Issue
Are distributions received by the head company of a consolidated group from the liquidator of a subsidiary member of that group, in the course of the subsidiary's liquidation, deemed dividends under section 47 of the Income Tax Assessment Act 1936 (ITAA 1936)
Decision
No. Distributions made by the liquidator of a subsidiary member of a consolidated group to another member of that group are not assessable because of the effect of the single entity rule contained in section 701-1 of the Income Tax Assessment Act 1997 (ITAA 1997).
Facts
Company A is the head company of a consolidated group.
Company B is a subsidiary member of the consolidated group and is wholly-owned by Company A.
Company B is placed in liquidation by its shareholder, Company A.
The liquidator makes distributions to Company A in the course of winding up Company B.
Reasons for Decision
Subsection 701-1(1) of the ITAA 1997 states that: If an entity is a *subsidiary member of a *consolidated group for any period, it and any other subsidiary member of the group are taken for the purposes covered by subsections (2) and (3) to be parts of the *head company of the group, rather than separate entities, during that period. Note: * denotes a term defined in subsection 995-1(1) of the ITAA 1997
Paragraph 701-1(2)(a) of the ITAA 1997 includes the purpose of working out the amount of the *head company's liability (if any) for income tax calculated by reference to any income year in which any of the period occurs or any later income year.
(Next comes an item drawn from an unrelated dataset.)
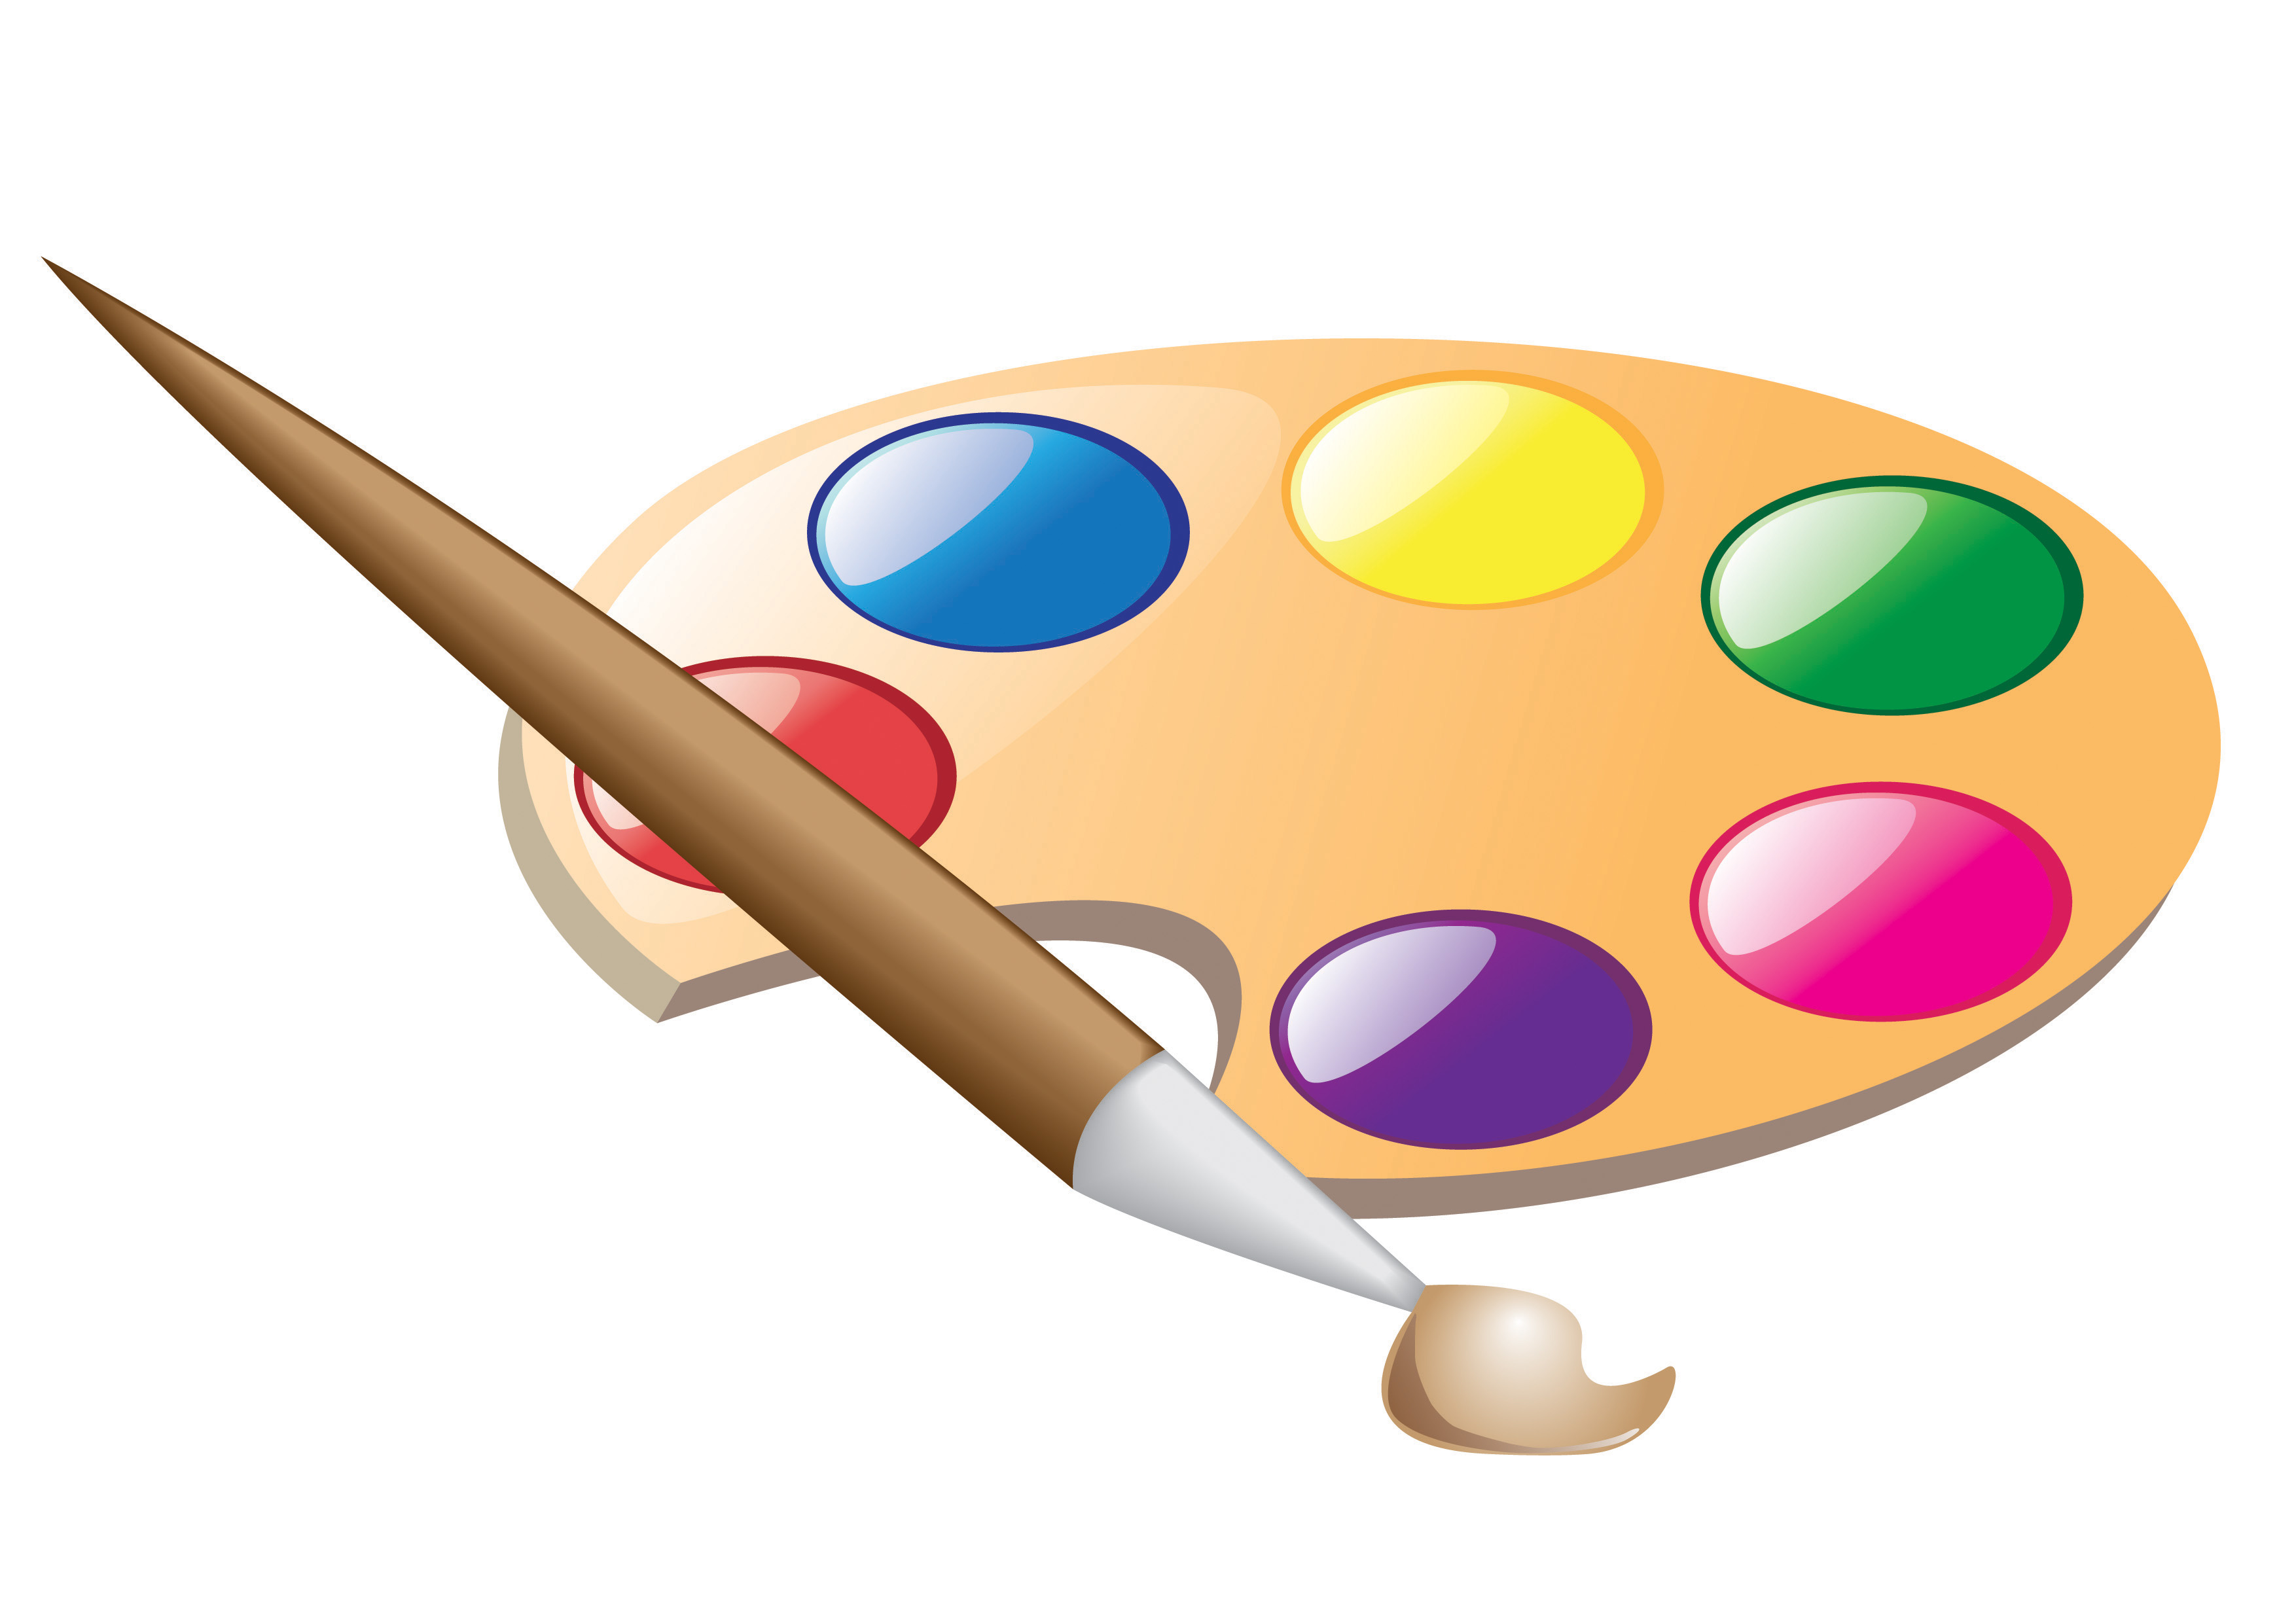 palette and brush for drawing - Download Free Vectors ...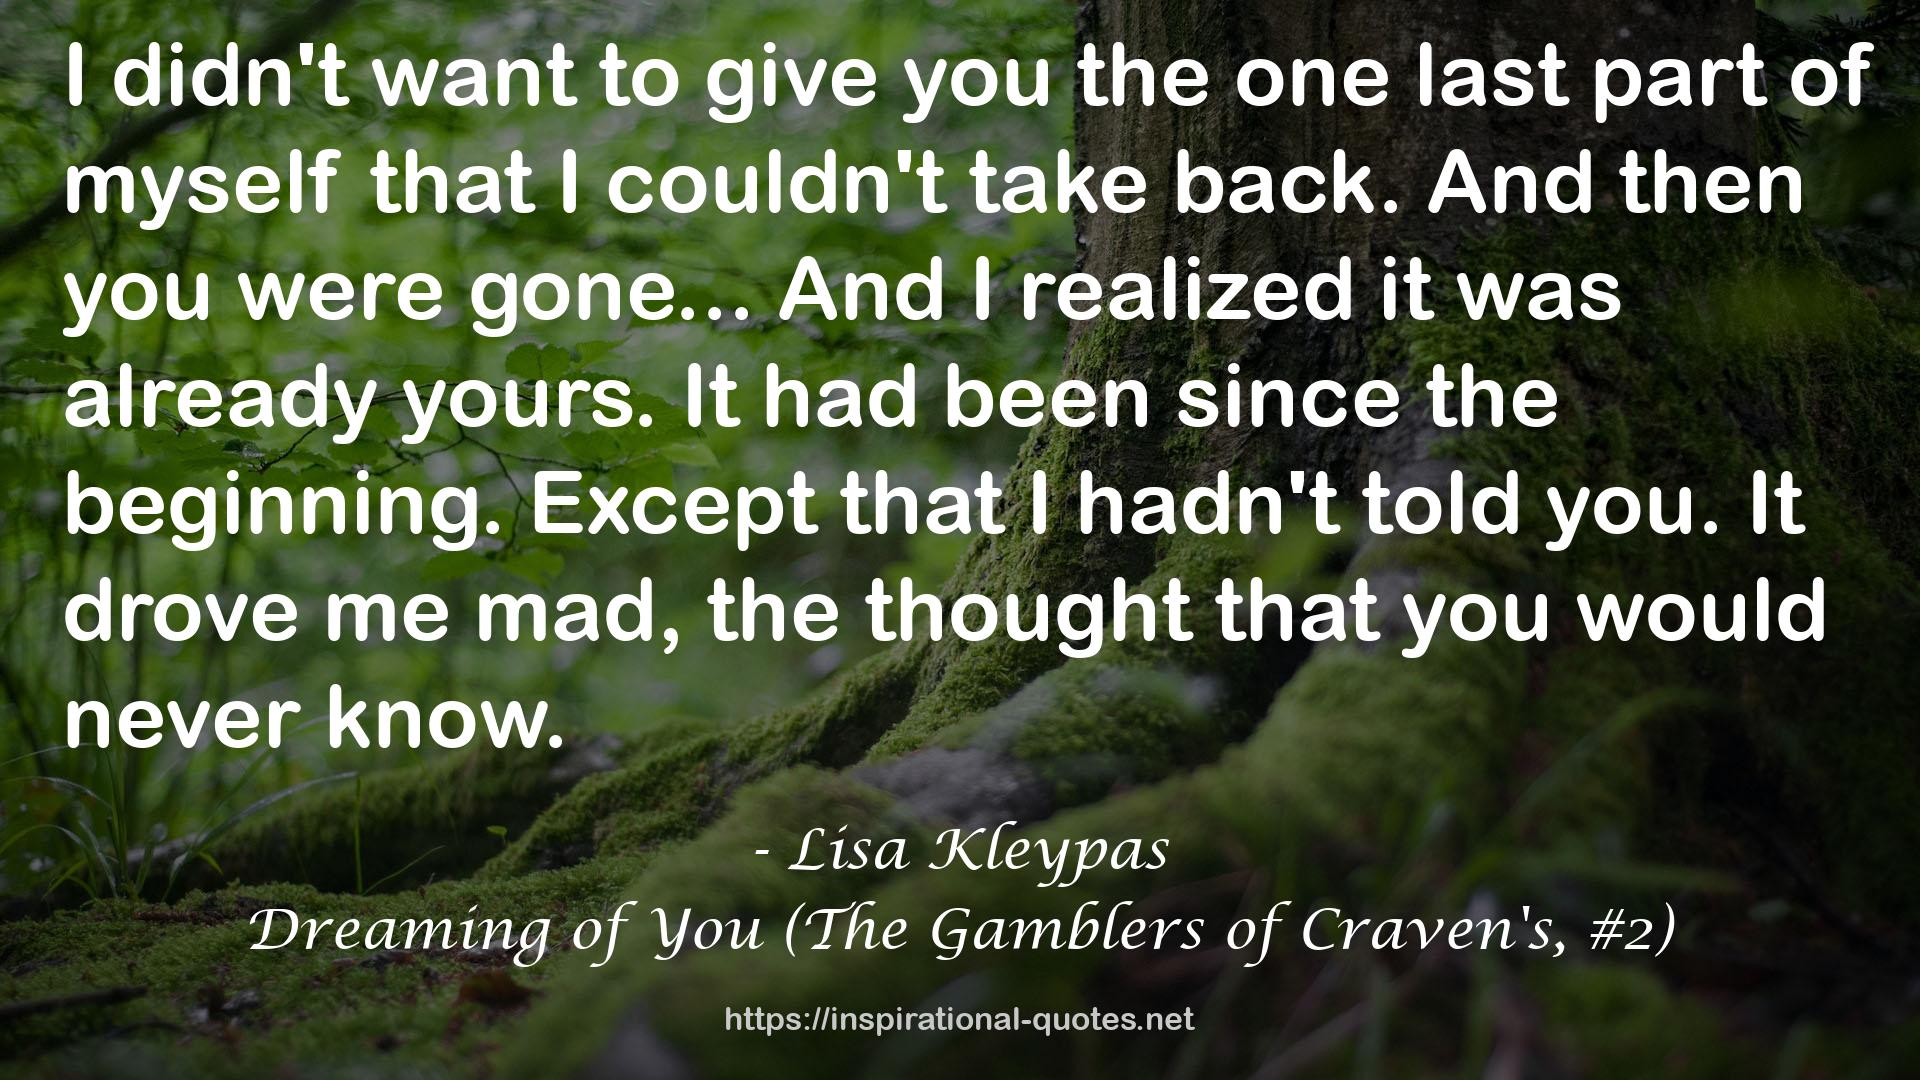 Dreaming of You (The Gamblers of Craven's, #2) QUOTES

A distribution by a liquidator of a wholly-owned subsidiary member of a consolidated group to its shareholder company is treated as a distribution by the taxpayer to itself because section 701-1 of the ITAA 1997 treats the subsidiary as part of the head company (the taxpayer in question). As a consequence, the transaction is not recognised for income tax purposes and section 47 of the ITAA 1936 cannot be applied to the distribution.
Accordingly, the distribution made by company B's liquidator to Company A, in the course of winding up Company B, is treated as if Company A had made the distribution to itself. There are no tax consequences for the liquidator's distribution to Company A.